# Ottos, Betta and Kuhli Loach



## dudewheresmyfish (Jul 17, 2010)

Hi,

So I have a 50 litre 2ft open top (13 gallon) fully cycled tank. All parameters are good. Ammonia 0 PH 6.5 etc

It is running an Aquaclear 30 hang on filter and has an airstone. The tank is filled with river stones, aqua soil, an anubias and an amazon sword plant.

My lighting is strong and I have tons of nice algae growing on everything so I bought 6 ottos. The are great. They are in there with a crowntail betta.

Ok my questions.

Everything seems fine, they have hiding spots, rocks, caves, plants etc .. everything is all natural. The betta has started to hover over the ottos and take the occasional jab at them. I'm a little worried that he could really hurt them. Has anyone ever had any experience with them?

How do you think the tank is stocked so far?. I am wanting to add kuhli loach to the tank to clean up any excess waste between the rocks that I can't get to. Do I have space? Will they be ok with the Betta etc?

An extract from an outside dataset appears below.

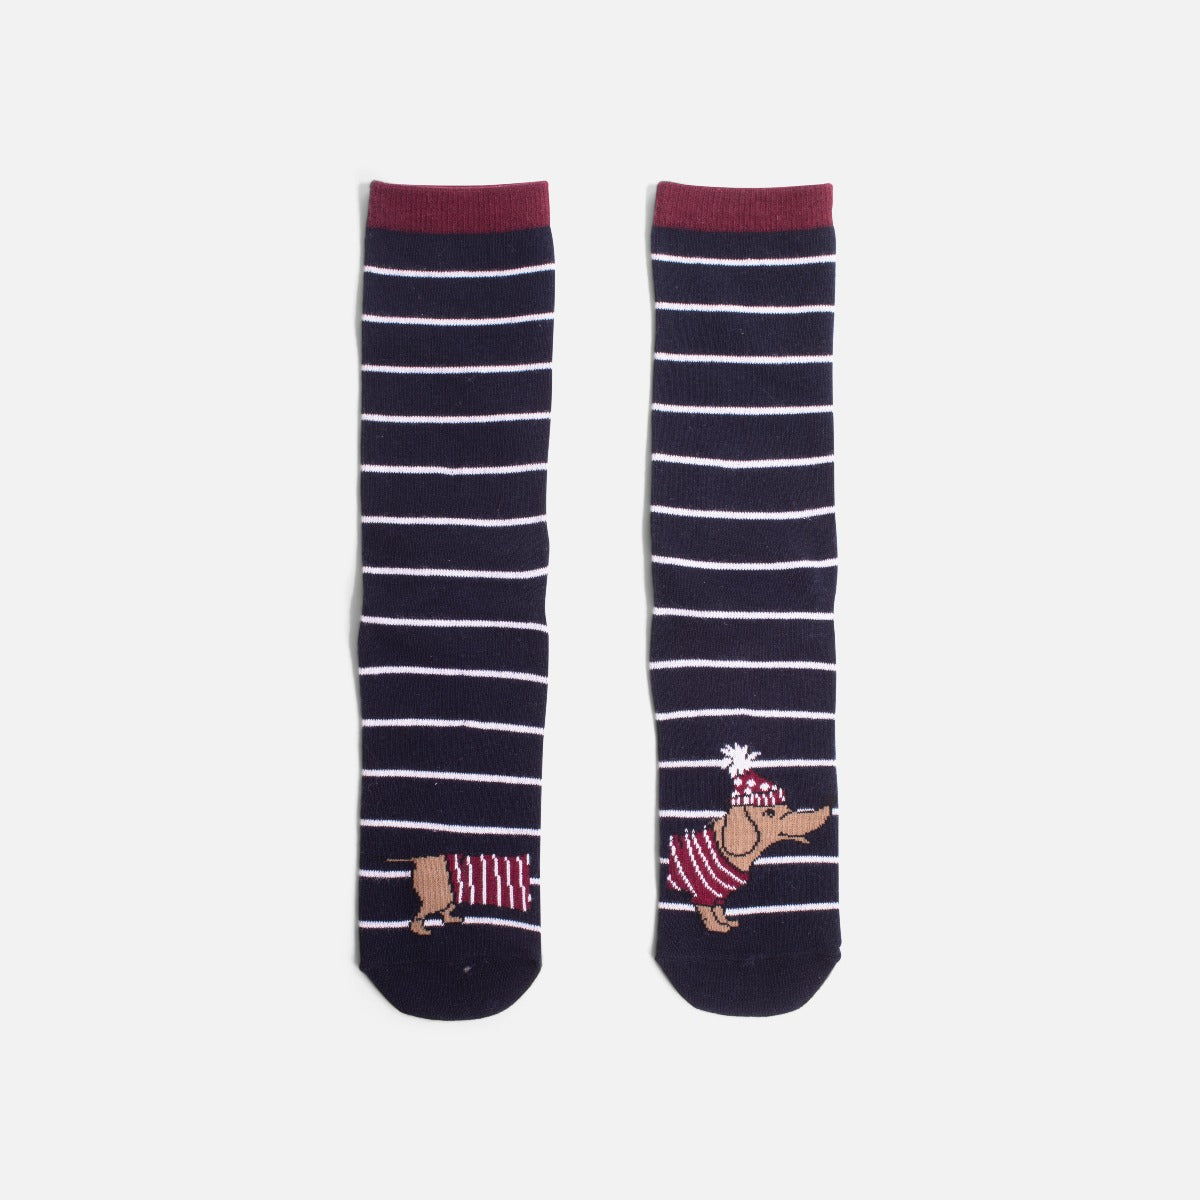 Navy blue socks with stripes and separate teckel dog

Thanks so much if anyone can give some advice.


----------



## badxgillen (Aug 20, 2010)

*nice*

the kuhli loaches should be a nice addition to your setup...provided your chemistry checks out...try for 3 or more..keep an eye on the betta i have two tanks with ottos and bettas and i have no problems..once in a while you do get a betta that is mnore of a bully than the next but unless you see some physical damage you should be fine...ADIOS...


----------